FG too high

Not sure what’s up here, two weeks ago I brewed the NB Bourbon Barrel porter extract kit and everything went great. OG was 1.065. Cooled the wort to around 64* ad pitched two packs of Danstar Windsor and kept the fermentation temp in the low 60’s. Had a bit of blowoff the first 24 hours and quite a bit of activity in the blowoff bucket for the first 4 days or so.

After a week I removed the blowoff assembly to replace it with a standard airlock at which point I took a gravity reading and it was around 1.025. I took it out of the swamp cooler and brought it up to high 60’s low 70’s in hopes to convince the yeast to finish the job. There were a few bubbles in the airlock over that time but not enough to see it move. It’s now 5 days later and I decided to take another reading and it hasn’t even budged. Still at 1.025.

Any idea on how to get the gravity down or anyway to get the ABV up (adding more fermentables)? I really wanted this to be around the high 6% to low 7% area.

From the web site: Moderate attenuation, which will leave a relatively high gravity.

http://www.danstaryeast.com/products/windsor-ale-yeast

There are a couple of reference to high FG on the NB review page.

Currently attenuation is ~61% and 5.5%ABV.

If you were to get to 1.015, that would be 77% and 6.6%ABV. So your ABV expectations are a bit high IMO.

You could try pitching some s-05. I would rehydrate it first. Possibly add it to a little DME to get it going and then add it to the fermenter.

Not too familiar with average attenuations for different yeasts, would mid to high 70’s be too high to expect for this yeast?

Of course I will be adding 16oz of bourbon to the beer in secondary so I suppose that should boost the alcohol up a little.

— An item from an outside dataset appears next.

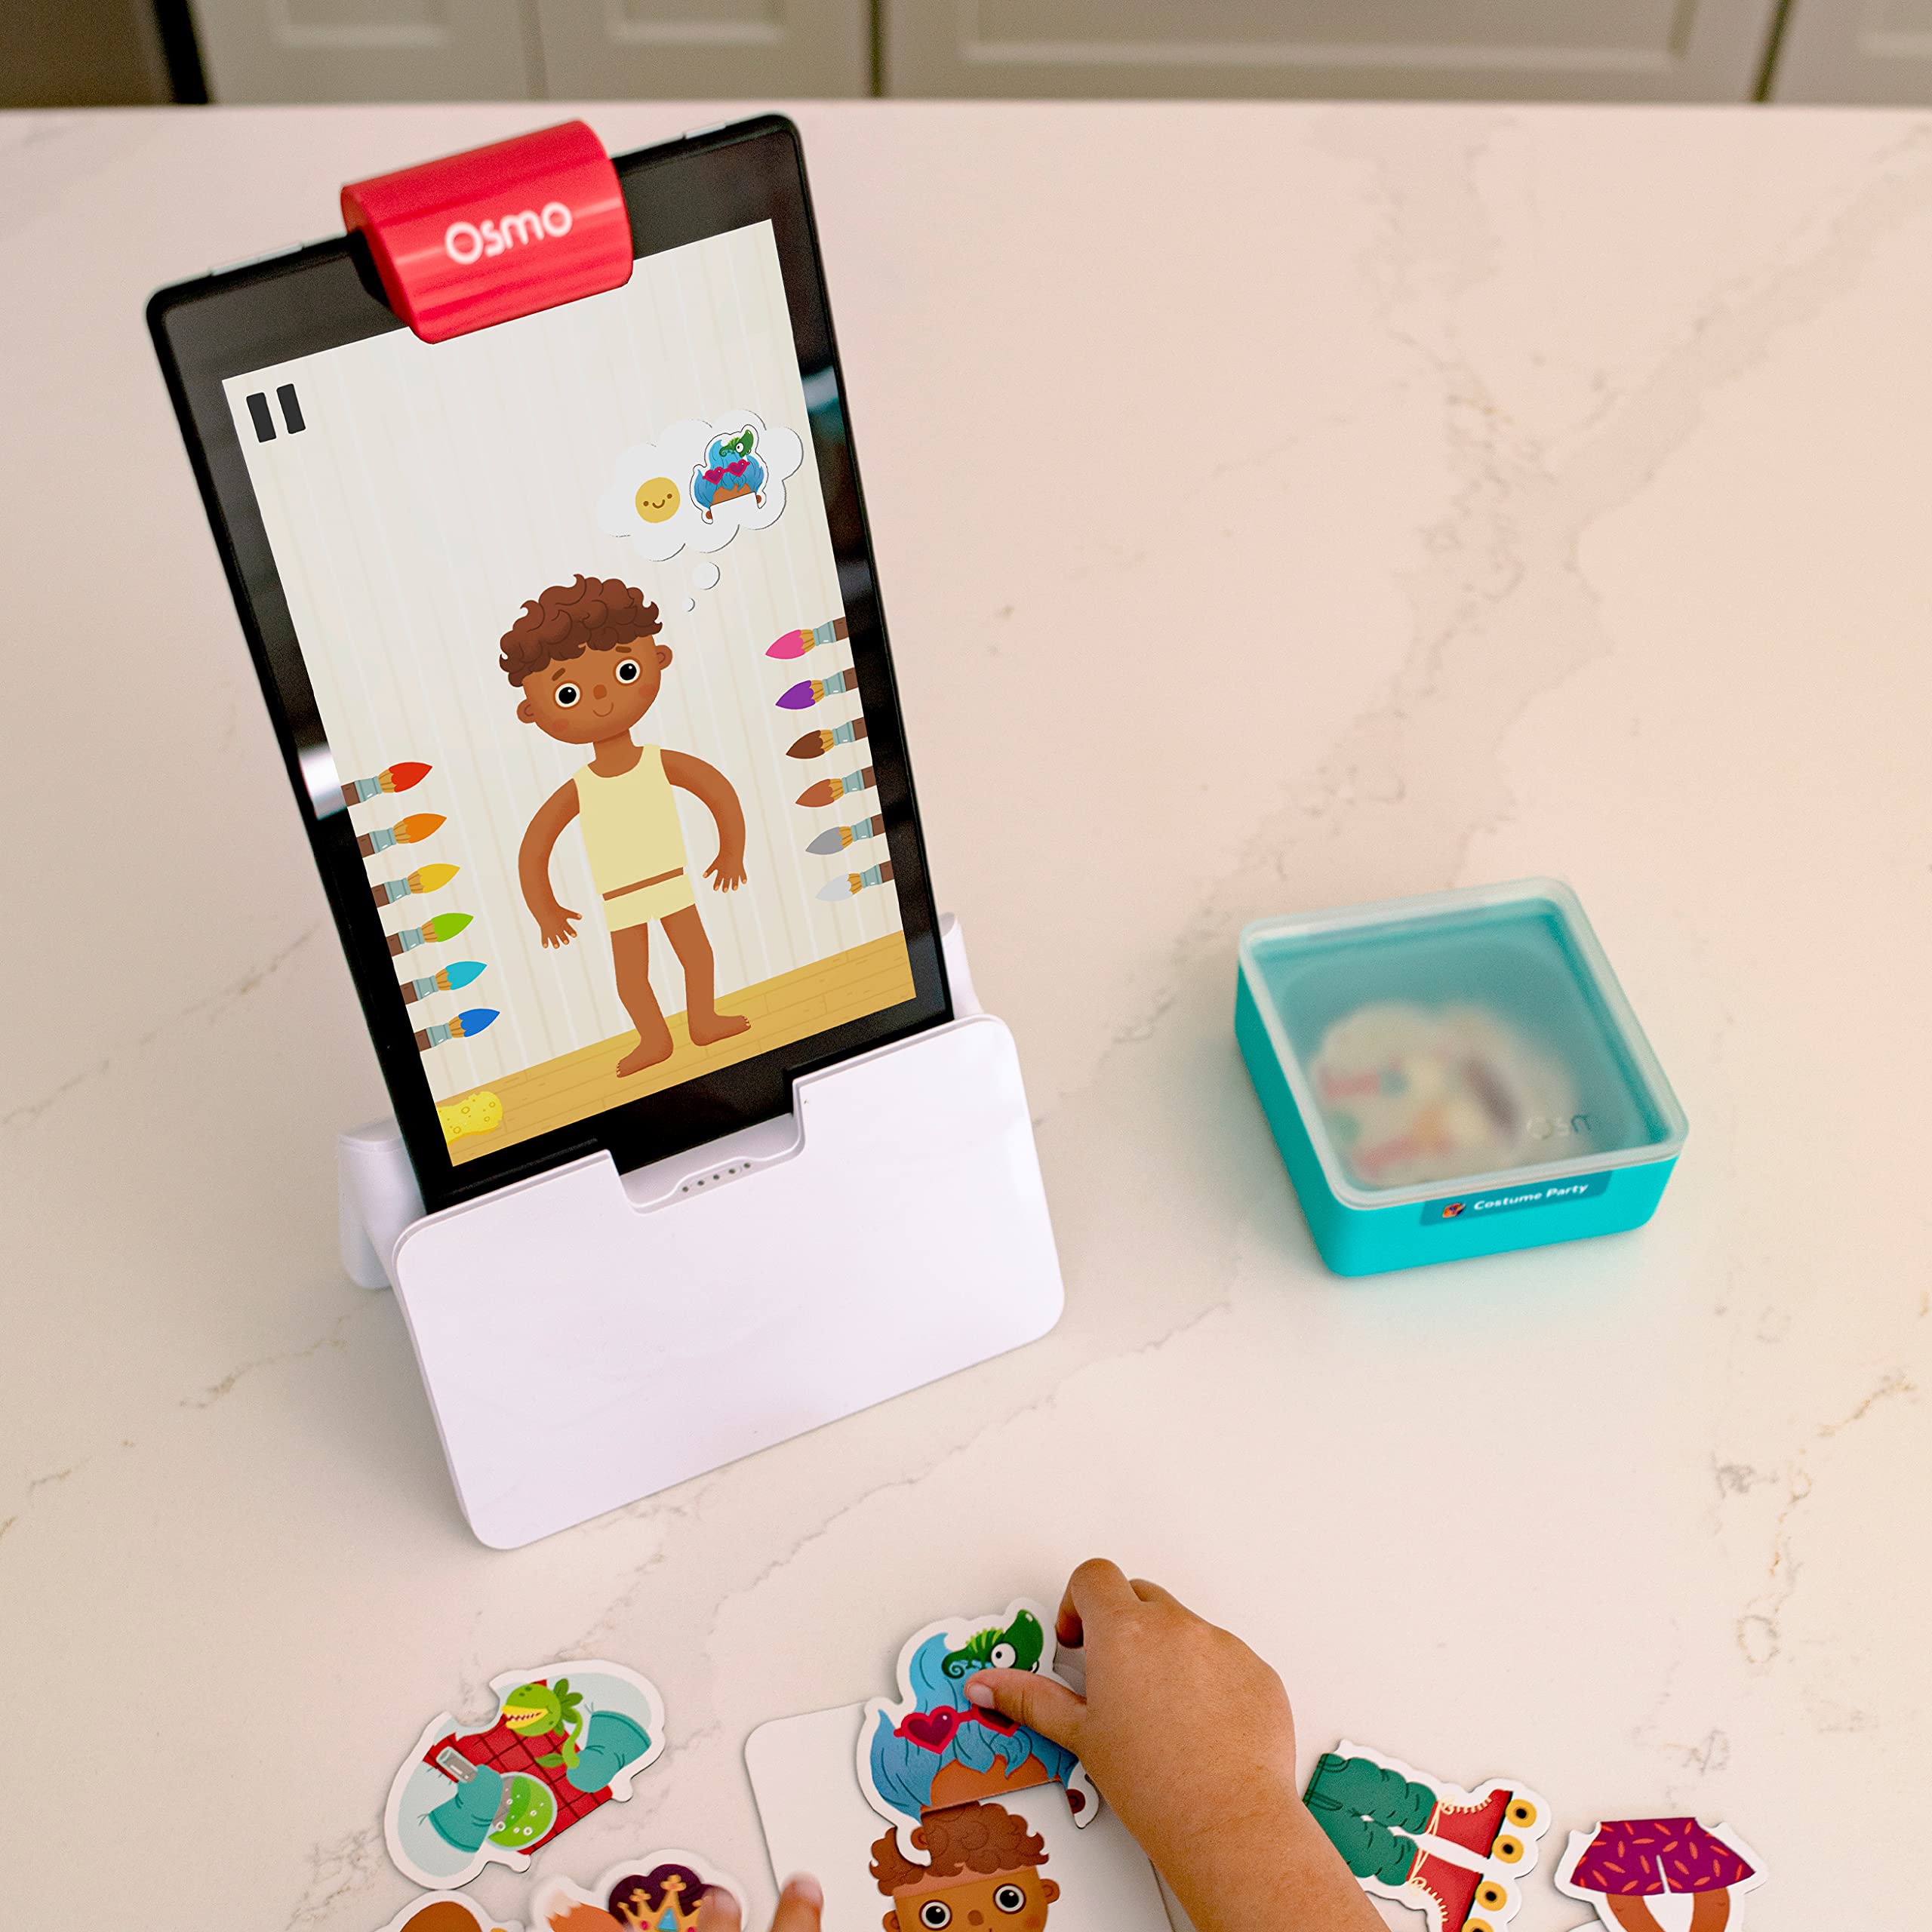 Osmo-Little Genius Starter Kit for Fire Tablet-4 Educational Learning Games-Preschool Ages 3-5-Phonics,Problem Solving & Creativity-STEM Toy Gifts,Kids(Osmo Fire Tablet Base Included)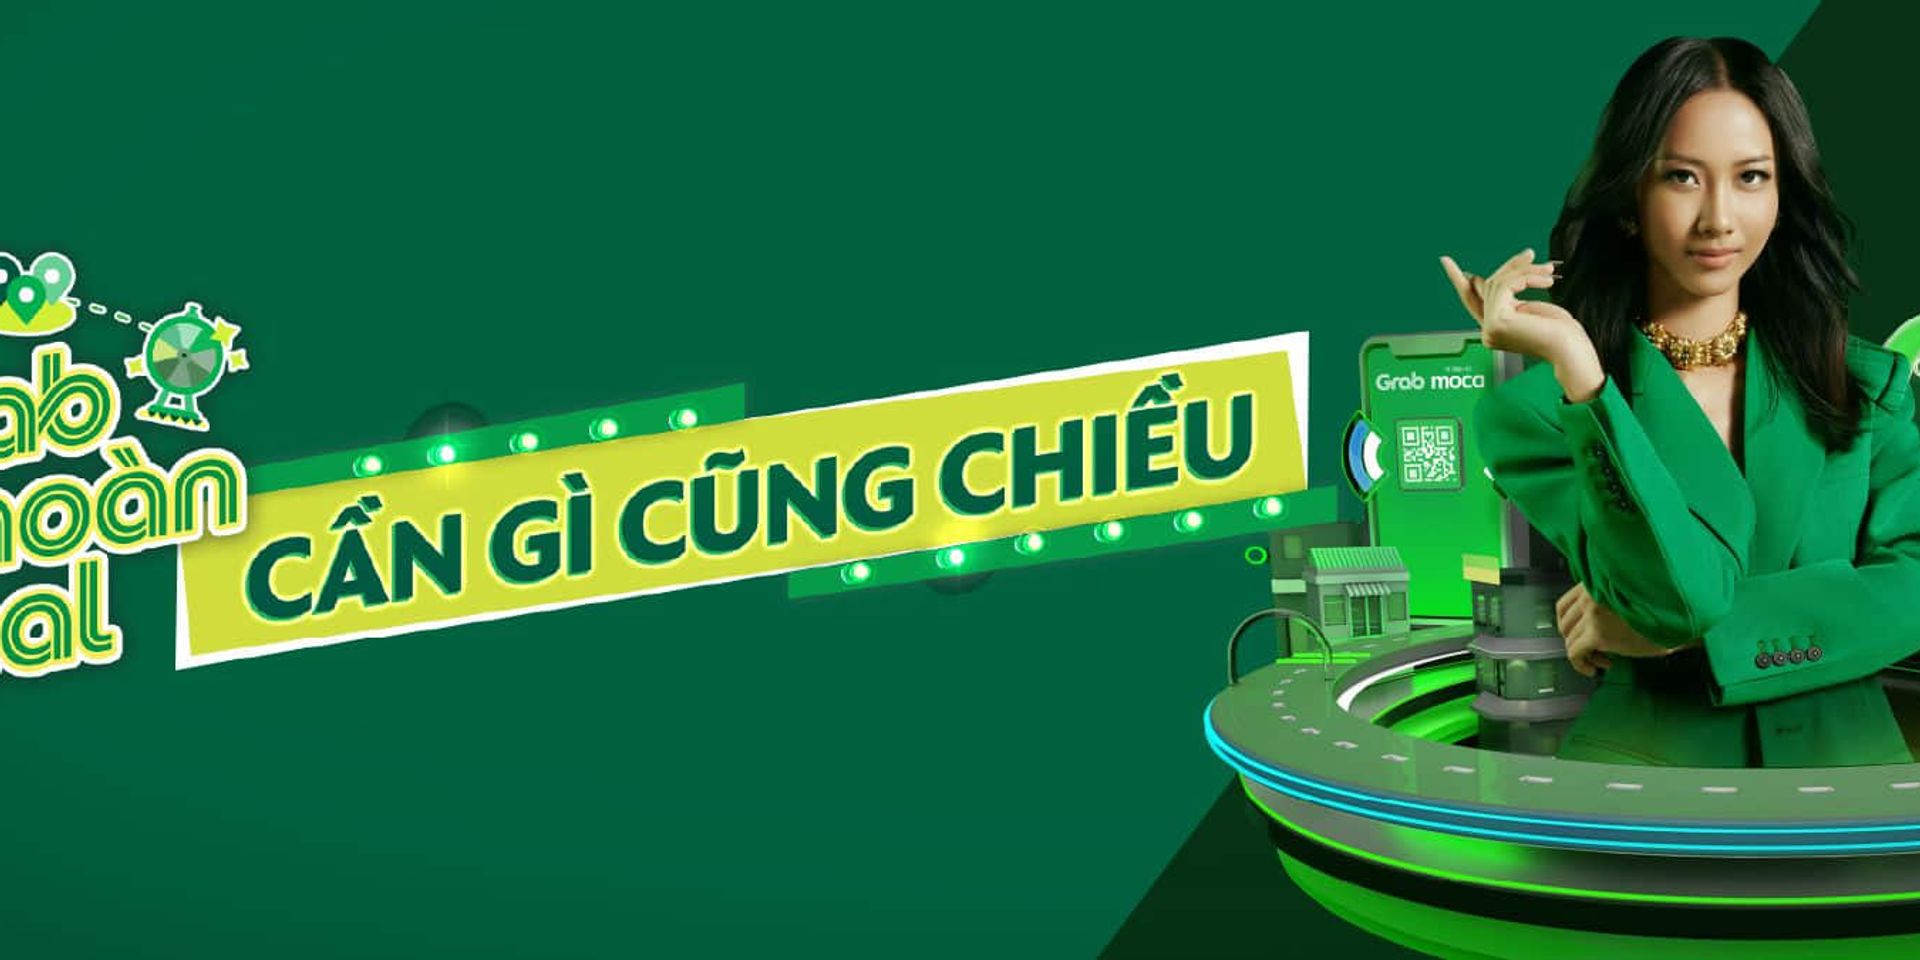 Image of Grab and Suboi in the advertising campaign

Maybe add 1 pound table sugar. That will boost the abv and may get the yeast going again and take a few more points off. 1 lb in 5 gal adds .008

With the manufactures reference to moderate attenuation and the dark LME, I’m guessing it finished. With that yeast.

gdtechvw’s thought of some simple sugar and adding some s-05 may help. I don’t think sugar alone will do anything.

Thanks for the input guys

^^^This. Or even add more if you want more alcohol. It’s your beer. Do what you like with it. Next time trade a pound or two of extract for table sugar up front, and/or use a more attenuative yeast, and avoid the problem altogether.

^^^This. Or even add more if you want more alcohol. It’s your beer. Do what you like with it. Next time trade a pound or two of extract for table sugar up front, and/or use a more attenuative yeast, and avoid the problem altogether.[/quote]

Sure adding some simple sugar will boost the ABV. I don’t believe it will do anything for the FG.

Even the perceived sweetness will not diminish with the higher ABV. At least that was my experience with a 19% mead that had a FG of 1.030.

Nighthawk is right too. A small “starter” of US-05 might take things down a few more points for this batch. You could even use a saison yeast like Danstar Belle Saison. Now that would take it down lower, and without significant flavor effect because the beer is already like 80% done fermenting.